The video for "Theleis I Den Theleis" would set an example of Lanthimos' work with Rouvas, featuring highly sexual content, as did the photo shoot of the album 21os Akatallilos and subsequent videos such as "Andexa". This video and ones similar played a part in Rouvas' recognition by media as a sex symbol, while it featured new concepts that helped shape the still young Greek video industry, as "Theleis I Den Theleis" was amongst the most-played videos on MAD TV during the channel's first years of airing.

==Release history==

| Region | Date | Label | Format |
| Greece | May 1998 | Minos EMI | Radio single, Promo single |
| June 1998 | Minos EMI | CD single |
| Cyprus | June 1998 | Minos EMI | CD single |

==Credits==

===Production===
- Record Producer: Vangelis Yannopoulos
- Composers: Giorgos Theofanous (Track 1,2,3), Stelios Rokkos (Track 4)
- Lyricists: Vangelis Konstantinidis (Track 1,2,3), Stelios Rokkos (Track 4)
- Arrangement: Giorgos Theofanous (Track 1,2,3), Haris Andreadis (Track 4),
- Digital programming: Vasilis Nikolopoulos (Track 1,2,3), Elias Ahladiotis (Track 4)
- Released by: Minos EMI-A.E.

===Personnel===
- Vocals: Sakis Rouvas (lead), Christina Argyri, Katerina Kyriakou, Alex Panayi, Kostas Hrysis with Giorgos Theofanous and Vangelis Yannopoulos (backing)
- Guitars: Savvas Christodoulou
- Bass: Nikos Vardis
- Additional guitars: Mihalis Armagos
- Drums: Andreas Mouzakis
- Percussion: "Mohammed"
- Keyboards: Giorgos Theofanous (tracks 1, 2, 3) and Haris Andreadis (track 4)
- Photography: Yorgos Lanthimos
- Recording and mixing: Vasilis Nikolopoulos with Stratos Diamandis at Power Music Studio
- Vocal recording: Tasos Bakasietas, Vangelis Papadopoulos, and Antonis Papathanasiou at Studio Sierra
- Mastering: Giannis Ioannidis, Petros Siakavelas-Digital Press Hellas
- Transfer: Theodoris Hrysanthopoulos-Fabelsound
- Management: Elias Psinakis

==Reception==
Critical reaction to the song was mostly positive, although many critics doubted that Rouvas would make a significant comeback.

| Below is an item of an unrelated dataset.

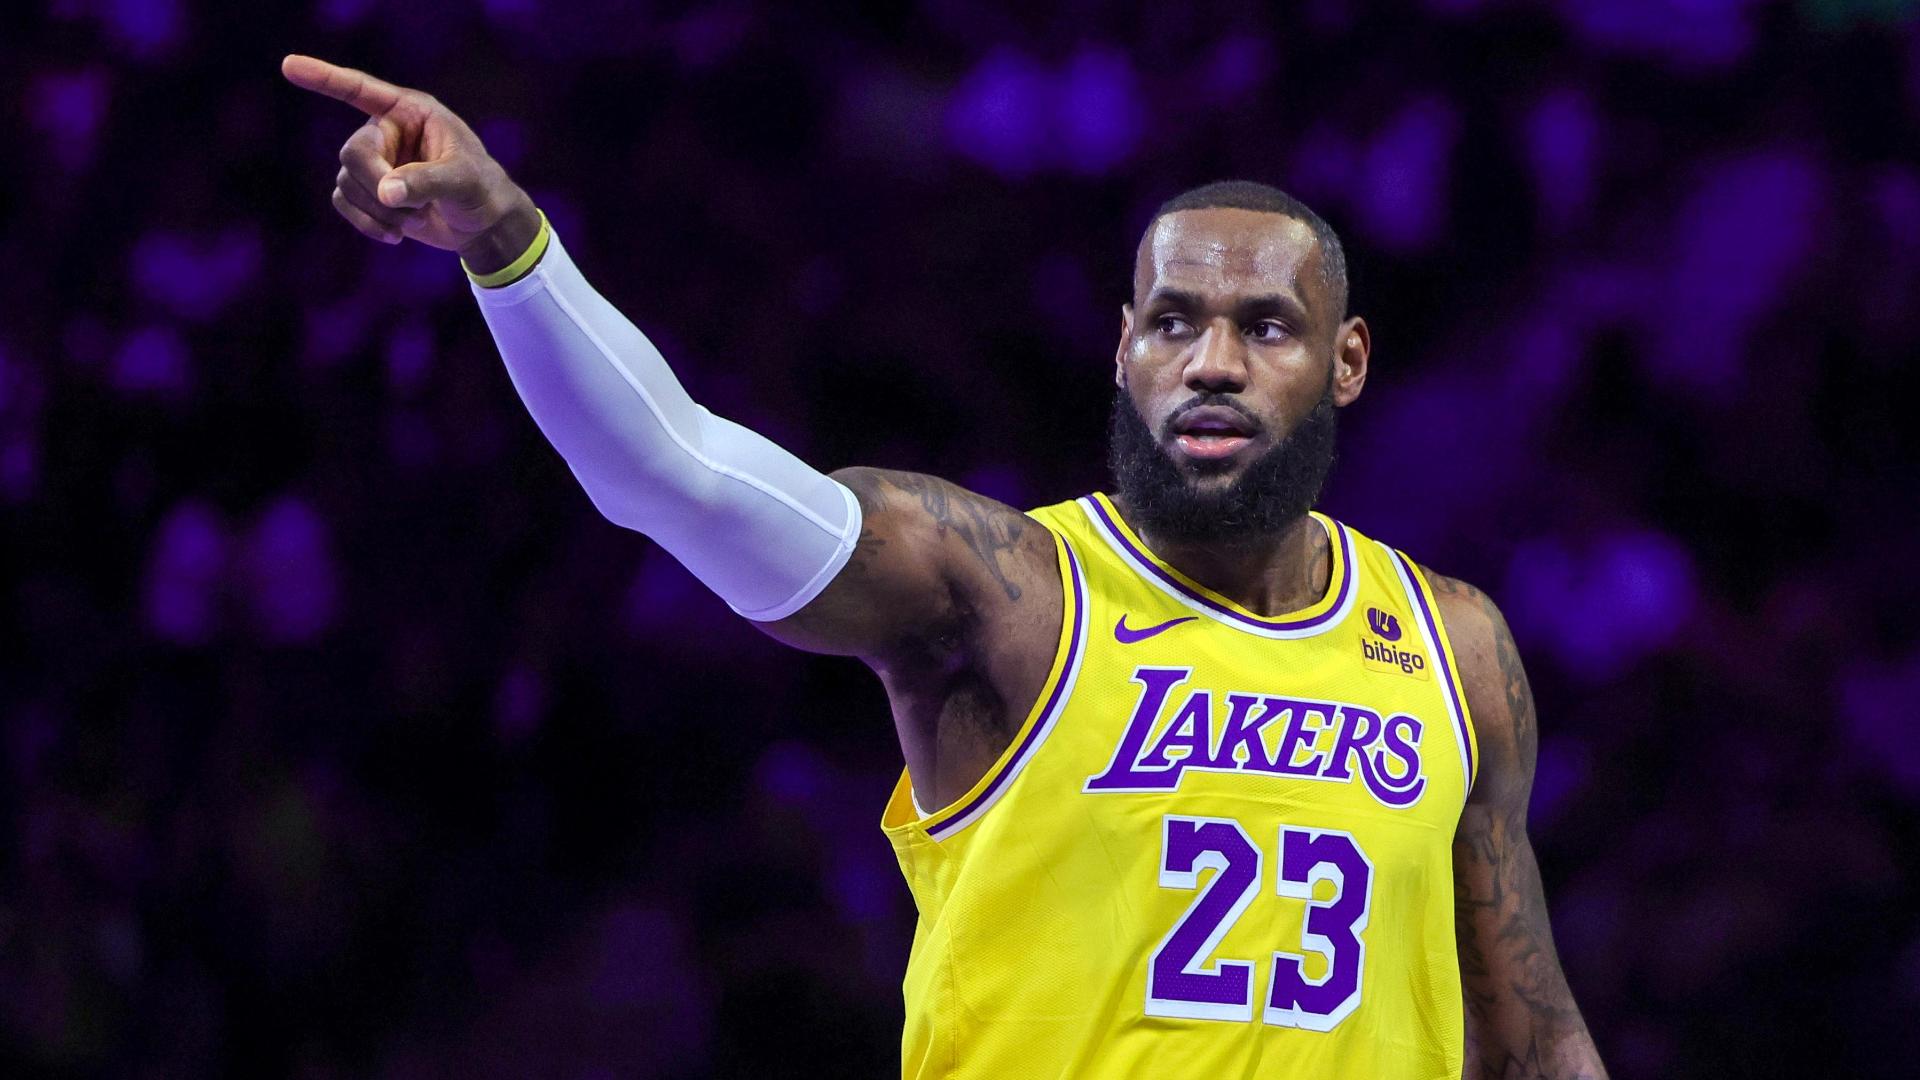 Los Angeles Lakers Resultados, vídeos e estatísticas - ESPN (BR)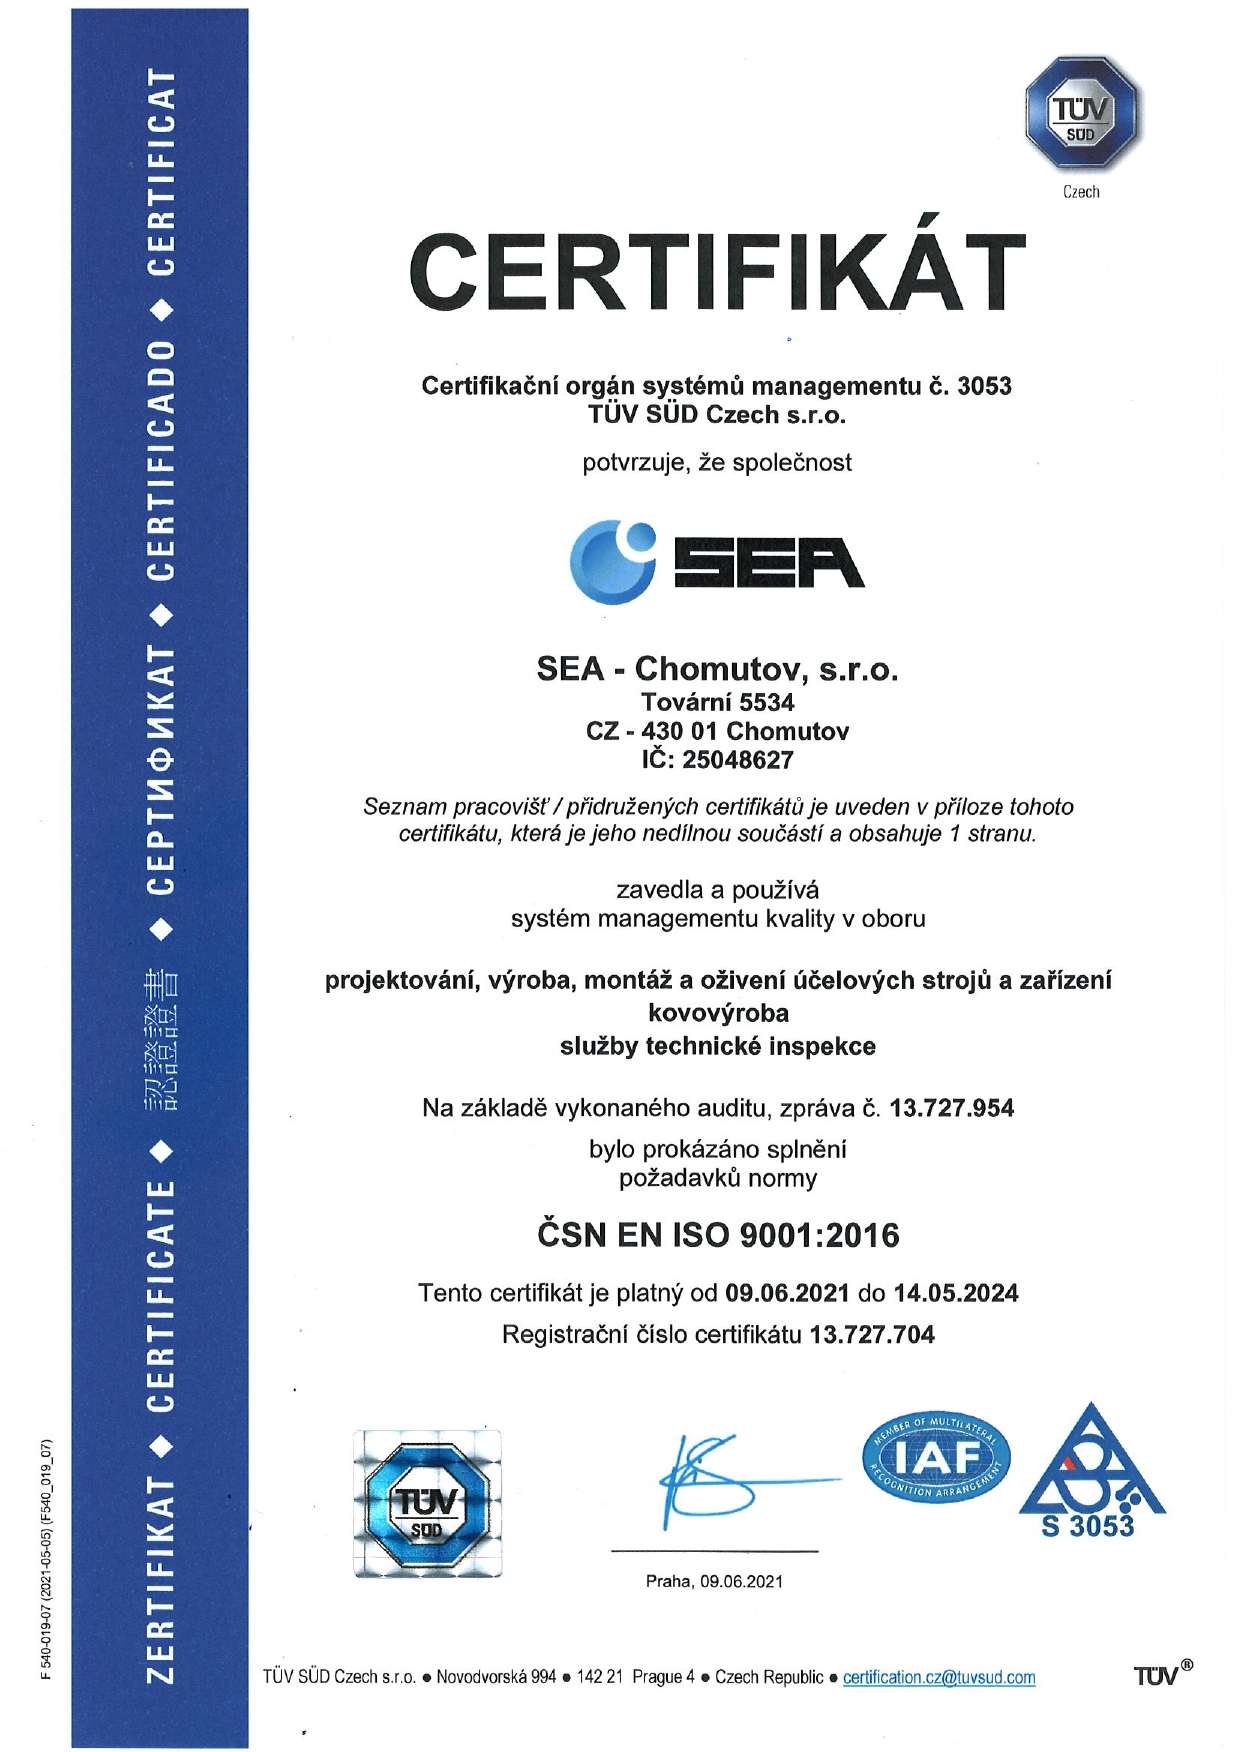 Certifikát systému managementu kvality podle ČSN EN ISO 9001:2016

Others were not impressed by the modern dance style and sexual content. Although he had stepped down from the stage for many months, he still maintained a strong fanbase who were anxious for a new release, also contributing to the demand of the song. The single was very well received by the commercial audience who quickly brought it to the top of the charts for 10 weeks due to very fast sales.

==Chart performance==
The single "Theleis I Den Theleis" was very successful in both Greece and Cyprus, peaking at number 1 on both countries' charts, while the title track also managed to peak at number 1 on the Greek Airplay Chart, becoming a huge hit of the 1990s, with the song itself and its video receiving a lot of airplay. Its feature on the album Kati Apo Mena helped the album debut at number 1 and stay there for 10 weeks, as well. Subsequently, the song "Ipirhes Panda" from the CD single was also released as a radio single, being the last single from the album and peaking at number 1 on the airplay chart for many weeks. The two songs from this single have been hits that have had defining impact on Rouvas' career, being two of his most popular songs that the artist still performs regularly to date.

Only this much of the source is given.